4.1. Information Retrieval

The purpose of Information Retrieval (IR) systems is to help people find the right (most useful) information in the right (most convenient) format at the right time (when they need it) [164]. Among many issues in IR, a primary problem that needs addressing pertains to ranking documents with respect to a query string in terms of relevance scores for ad-hoc retrieval tasks, similar to what happens in a search engine.
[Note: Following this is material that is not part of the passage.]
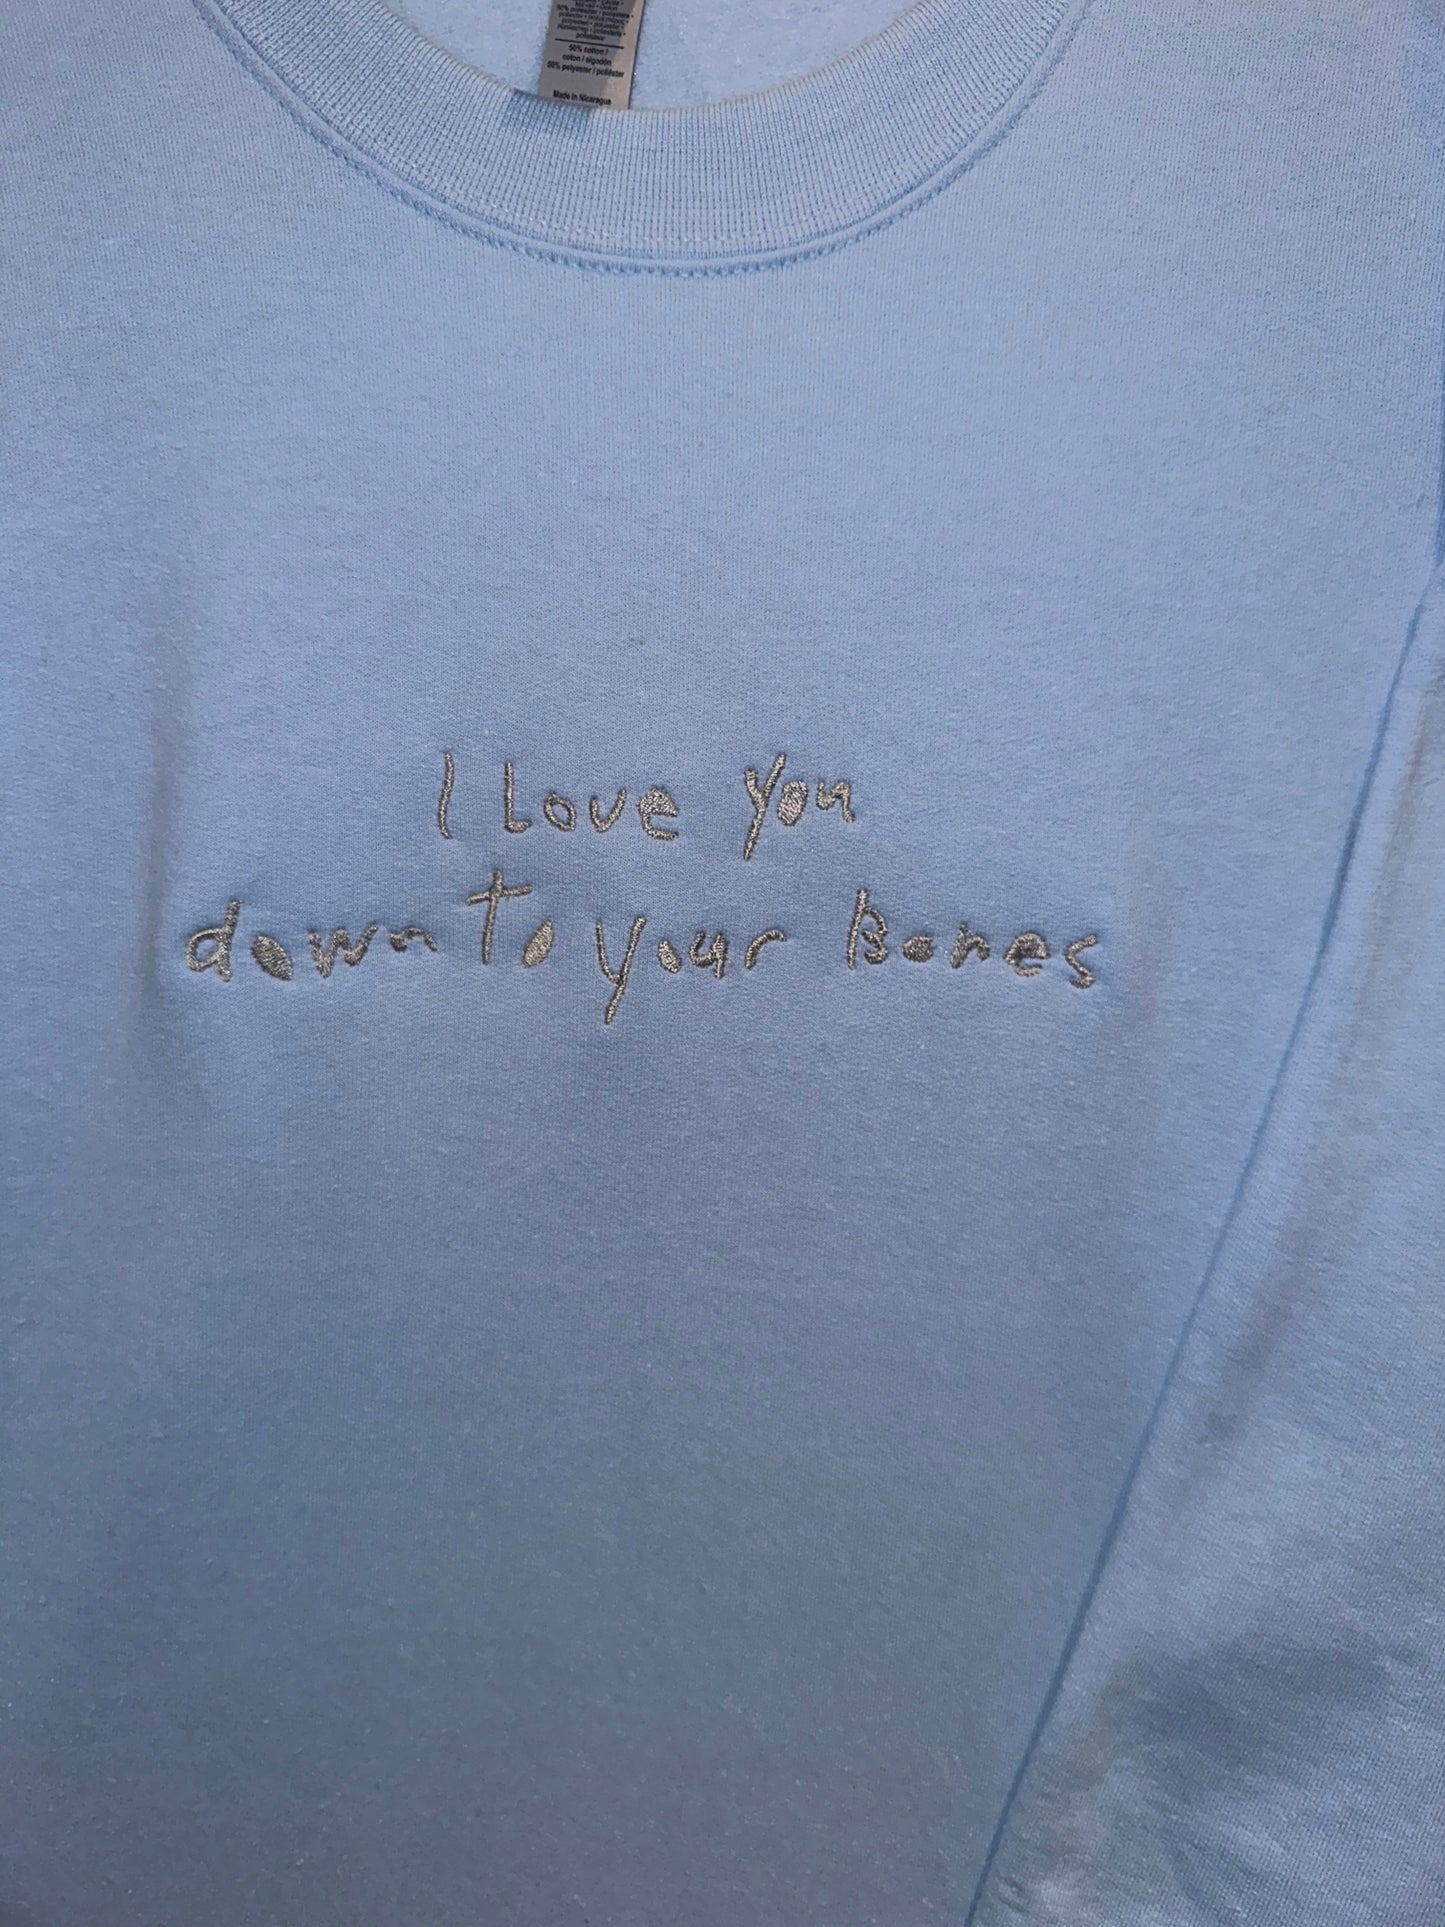 I Love You Down To Your Bones Crew Neck
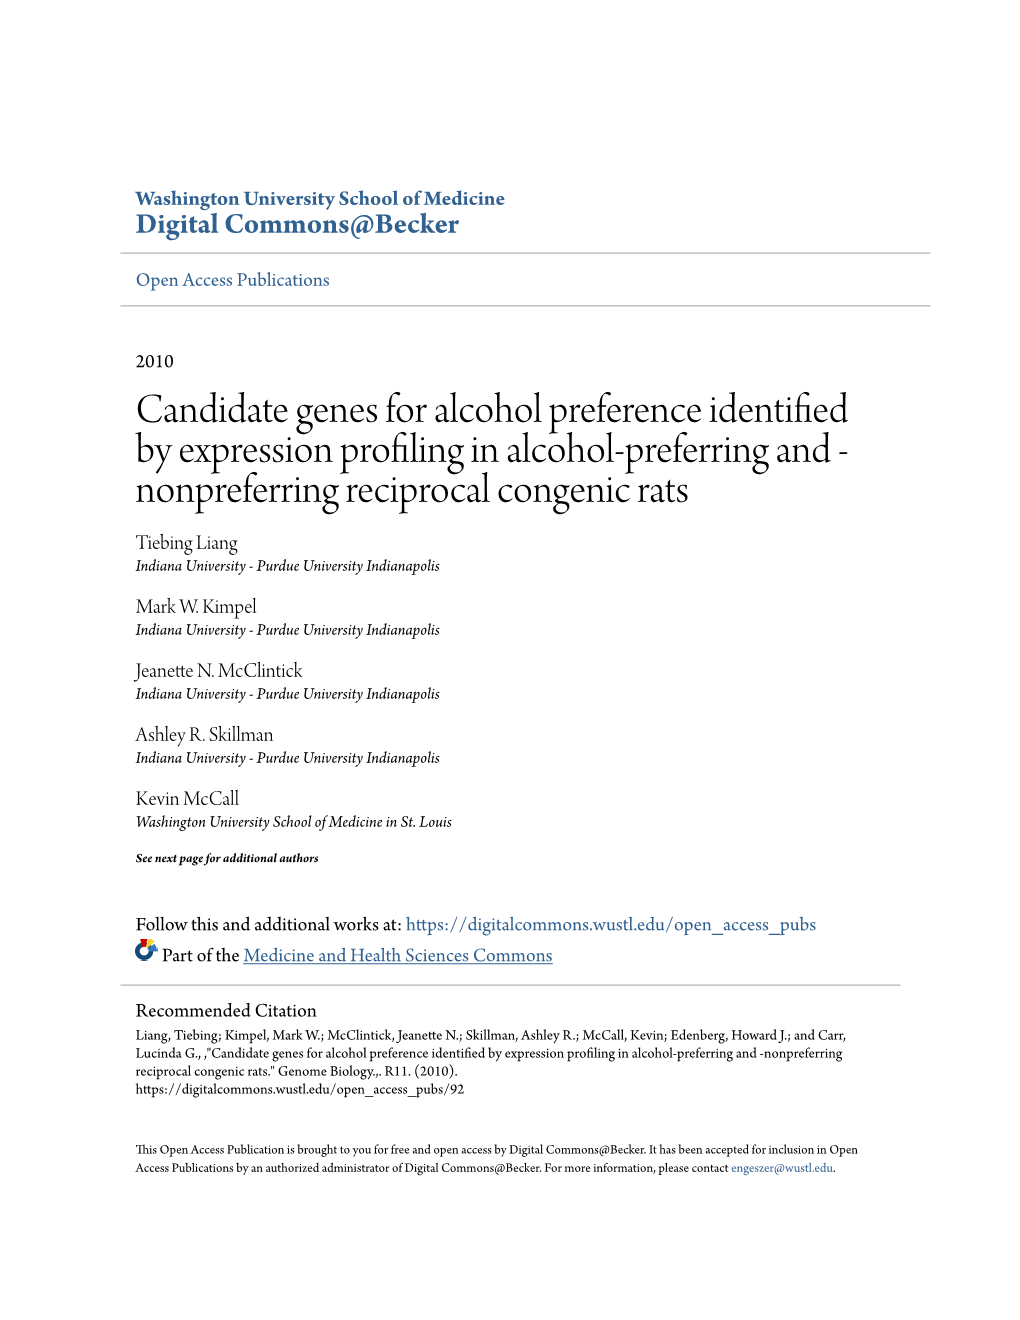 Candidate Genes for Alcohol Preference Identified by Expression

4.2. Information Extraction

Information extraction extracts explicit or implicit information from text. The outputs of systems vary, but often the extracted data and the relationships within it are saved in relational databases [172]. Commonly extracted information includes named entities and relations, events and their participants, temporal information, and tuples of facts.

4.3. Text Generation

Many NLP tasks require the generation of human-like language. Summarization and machine translation convert one text to another in a sequence-to-sequence (seq2seq) fashion. Other tasks, such as image and video captioning and automatic weather and sports reporting, convert non-textual data to text. Some tasks, however, produce text without any input data to convert (or with only small amounts used as a topic or guide). These tasks include poetry generation, joke generation, and story generation.

4.4. Summarization

Summarization finds elements of interest in documents in order to produce an encapsulation of the most important content. There are two primary types of summarization: extractive and abstractive. The first focuses on sentence extraction, simplification, reordering, and concatenation to relay the important information in documents using text taken directly from the documents. Abstractive summaries rely on expressing documents’ contents through generation-style abstraction, possibly using words never seen in the documents [48].

4.5. Question Answering

Similar to summarization and information extraction, question answering (QA) gathers relevant words, phrases, or sentences from a document. QA returns this information in a coherent fashion in response to a request. Current methods resemble those of summarization.

4.6. Machine Translation

Machine translation (MT) is the quintessential application of NLP. It involves the use of mathematical and algorithmic techniques to translate documents in one language to another. Performing effective translation is intrinsically onerous even for humans, requiring proficiency in areas such as morphology, syntax, and semantics, as well as an adept understanding and discernment of cultural sensitivities, for both of the languages (and associated societies) under consideration [48].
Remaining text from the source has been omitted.